[Data extracted from a collection]
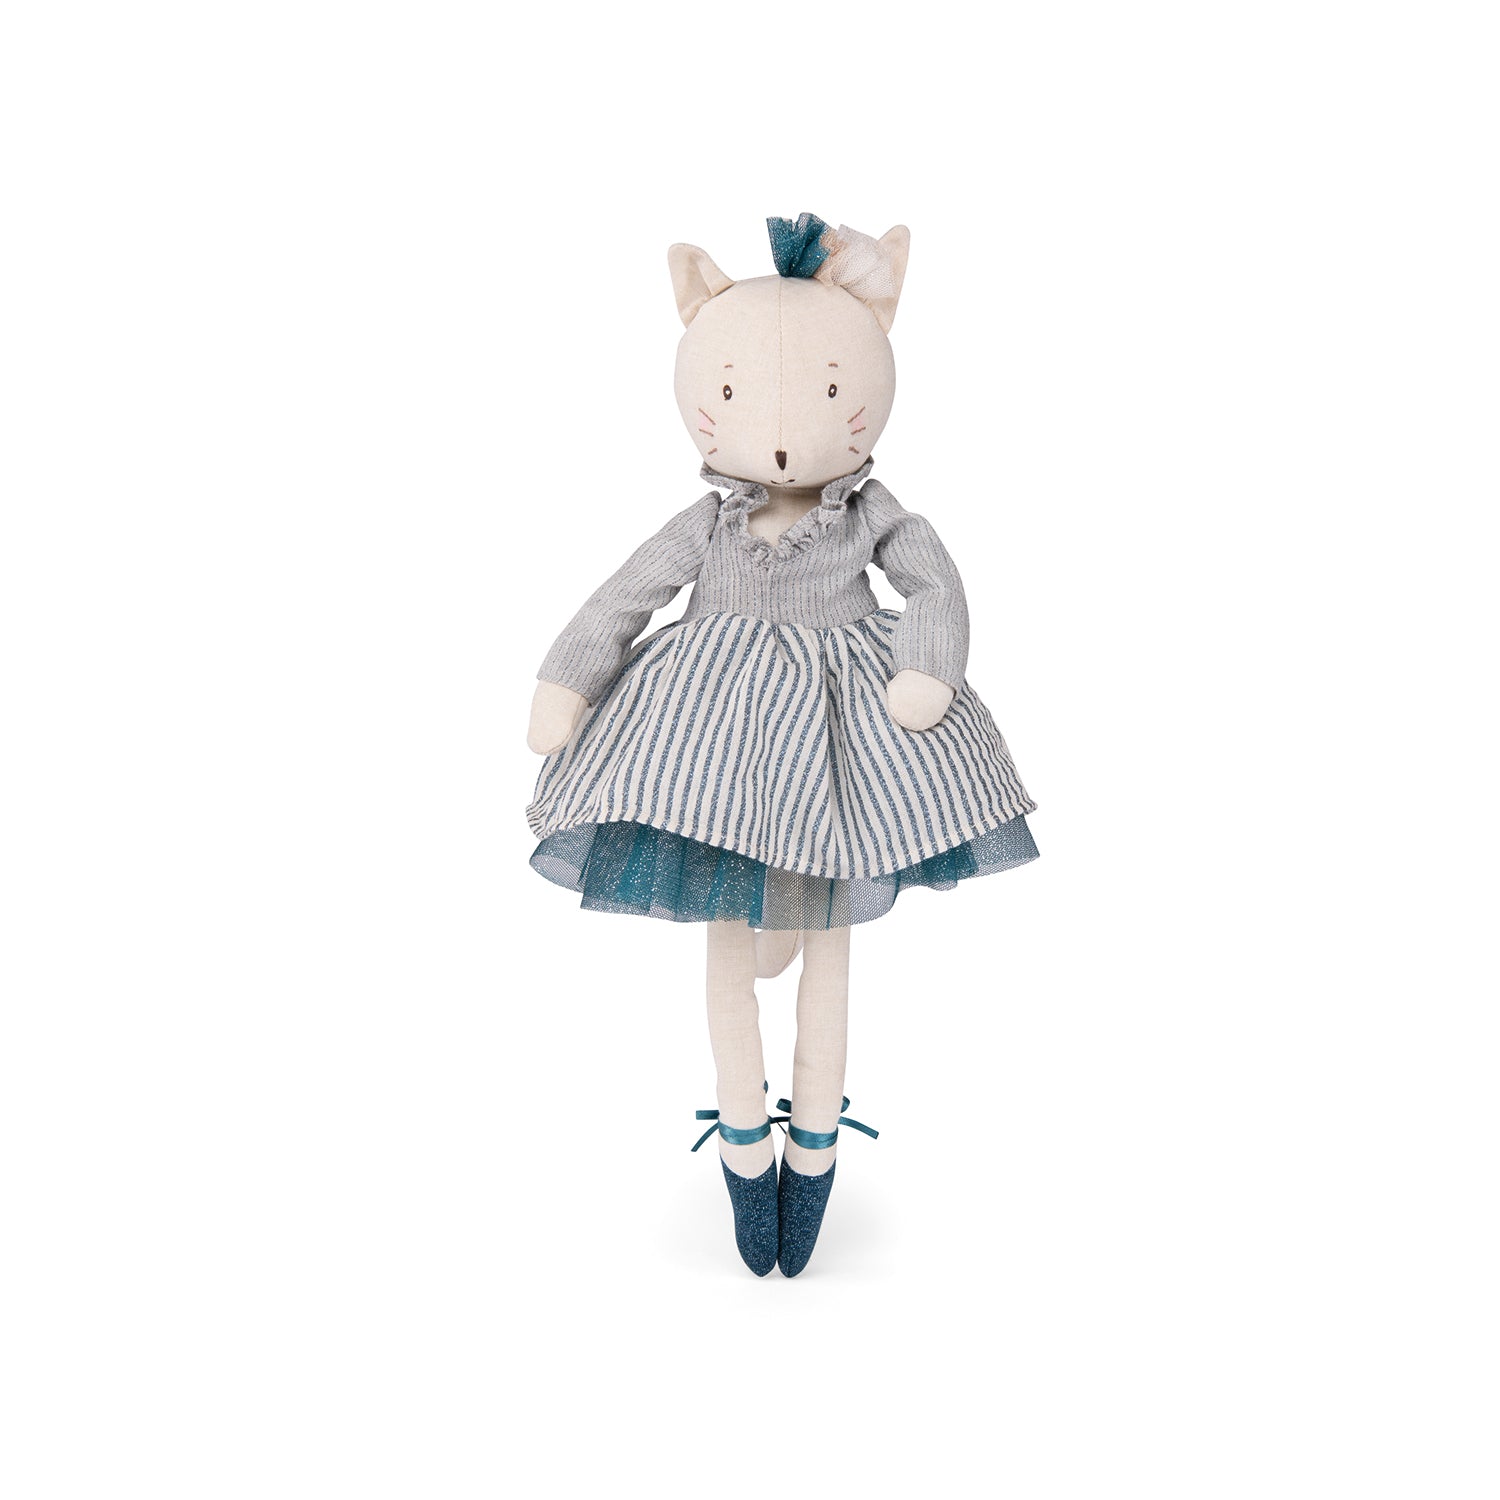 <h5>Description</h5>
<p>In this new collection, Celestine, a chambray plain-weave fabric cat doll with a lovely embroidered face, is dressed in a dancer&#39;s favorite outfit.<br>A tutu, a tulle bow in her hair, ballet points with ribbons...<br>Easy for little hands to grab, she is sure to become a favorite play companion for budding ballerinas.  </p>
<h5>Specifications</h5>
<p> <strong>Color</strong>: Multicolored<br><strong>Recommended Age</strong>: 0+<br><strong>Material</strong>: cotton, Polyester, elastane, acrylic, linen<br><strong>Size (inches)</strong>: L: 6 x W: 2 x H: 2<br><strong>Weight (lbs)</strong>: 0,21<br><strong>Care instructions</strong>: Machine washable at 30°C on wool cycle.No tumble dry.</p>
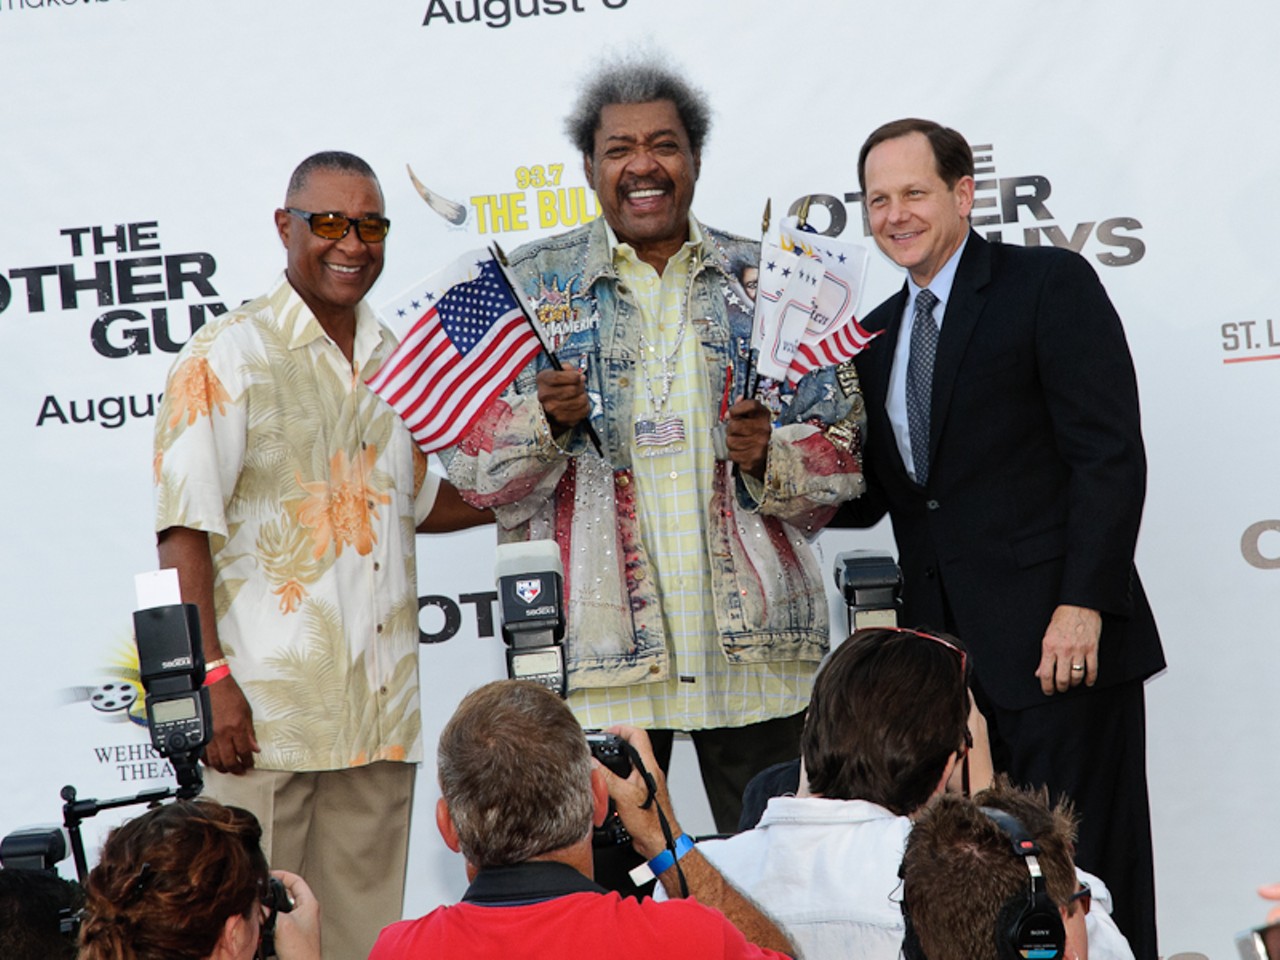 Local legend Ozzie Smith, wrestling promoter Don King, and St. Louis' Mayor Slay pose for a photo-op onstage before the premier.
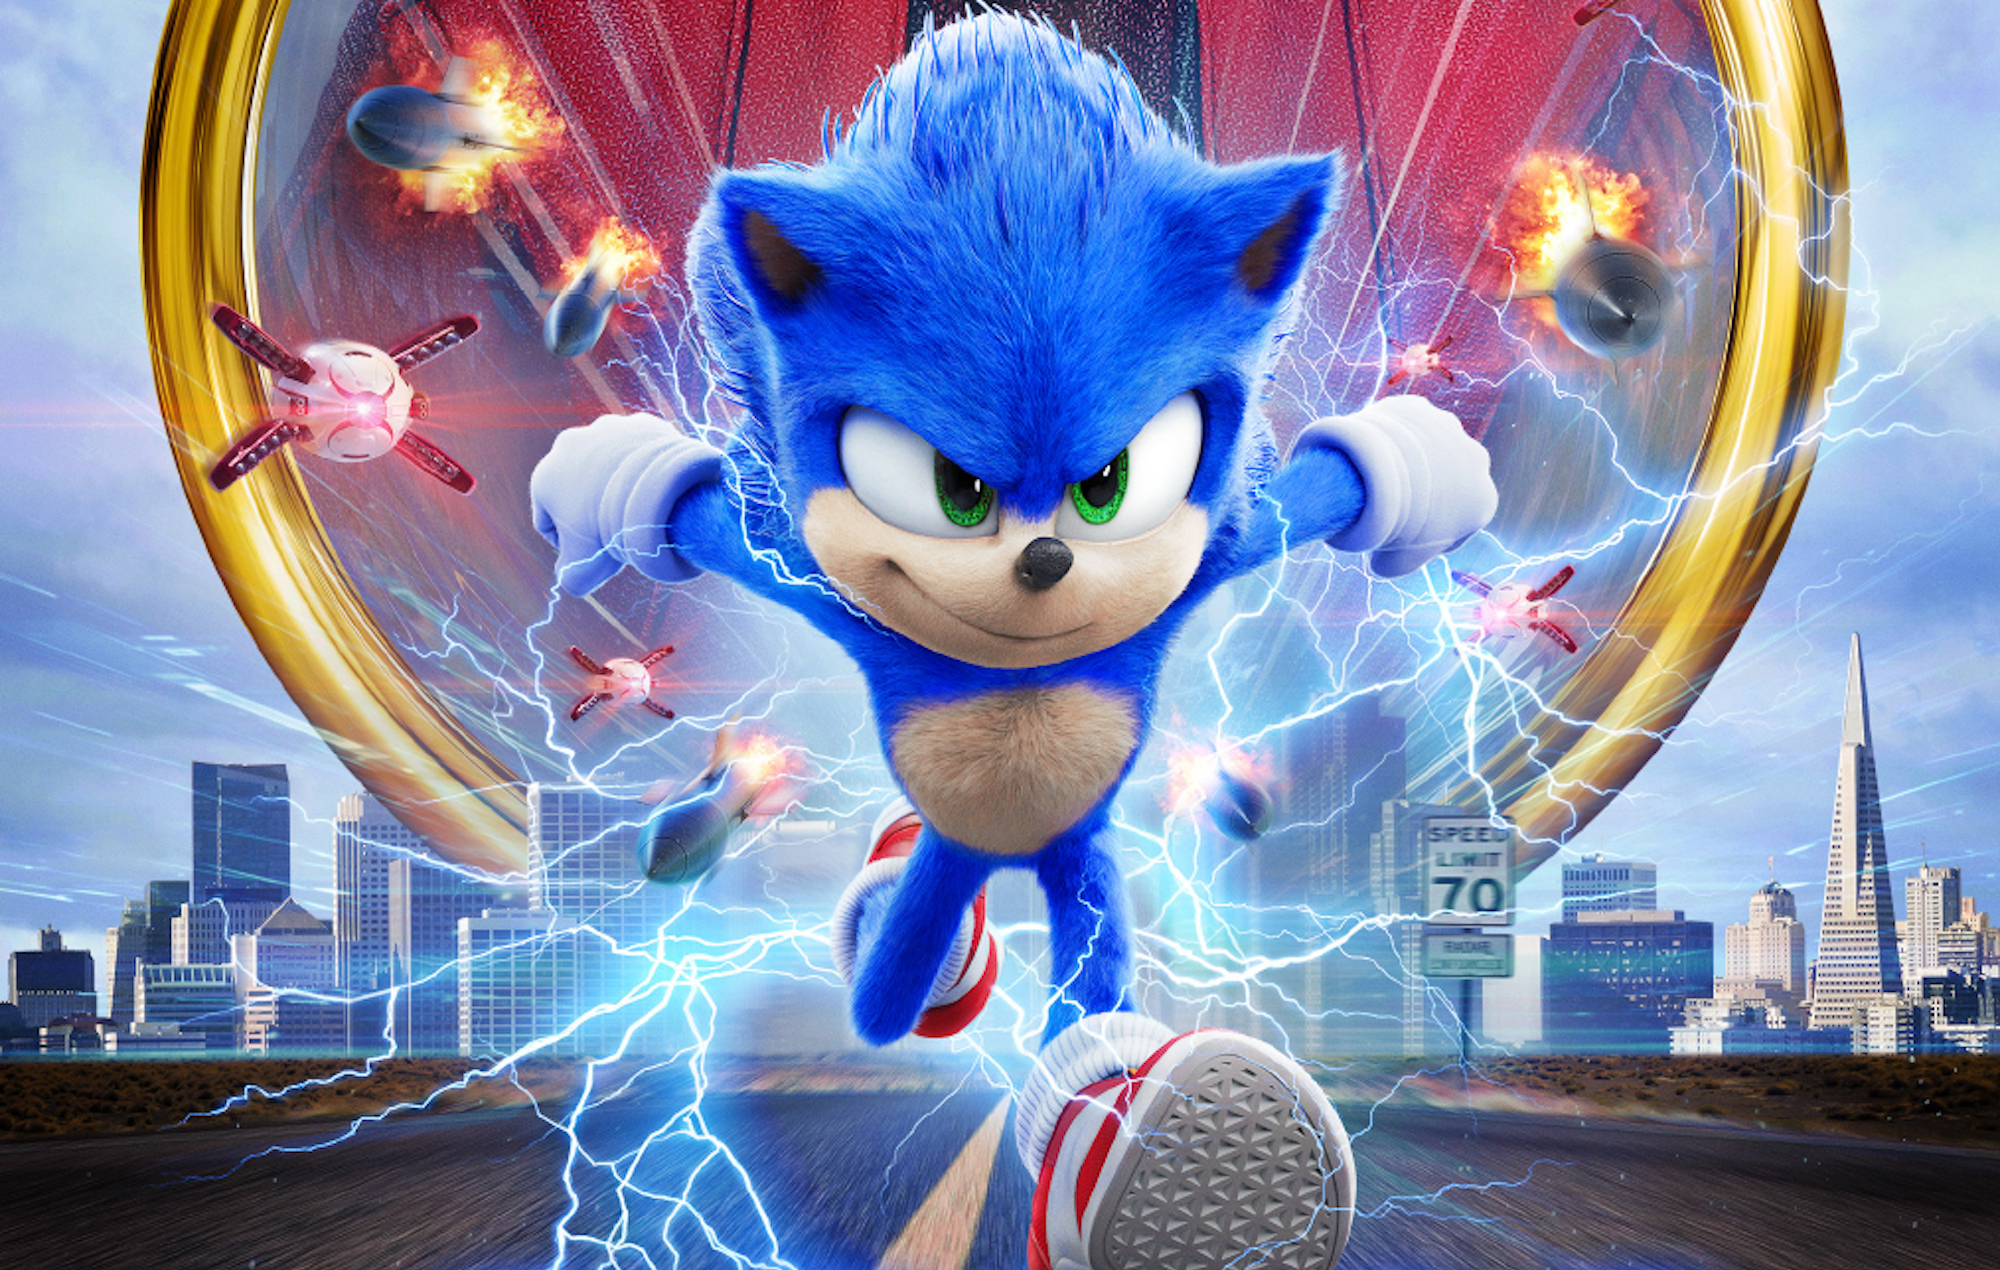 Celebrate The Sonic The Hedgehog Movies Release With Up To 75 Off The

WHAT THIS TASK INVOLVES - Your reply must contain each entry exactly as written and no pictures.

RESULT OF THIS TASK -
 <h5>Description</h5>
<p>In this new collection, Celestine, a chambray plain-weave fabric cat doll with a lovely embroidered face, is dressed in a dancer&#39;s favorite outfit.<br>A tutu, a tulle bow in her hair, ballet points with ribbons...<br>Easy for little hands to grab, she is sure to become a favorite play companion for budding ballerinas.  </p>
<h5>Specifications</h5>
<p> <strong>Color</strong>: Multicolored<br><strong>Recommended Age</strong>: 0+<br><strong>Material</strong>: cotton, Polyester, elastane, acrylic, linen<br><strong>Size (inches)</strong>: L: 6 x W: 2 x H: 2<br><strong>Weight (lbs)</strong>: 0,21<br><strong>Care instructions</strong>: Machine washable at 30°C on wool cycle.No tumble dry.</p>
 Local legend Ozzie Smith, wrestling promoter Don King, and St. Louis' Mayor Slay pose for a photo-op onstage before the premier.
 Celebrate The Sonic The Hedgehog Movies Release With Up To 75 Off The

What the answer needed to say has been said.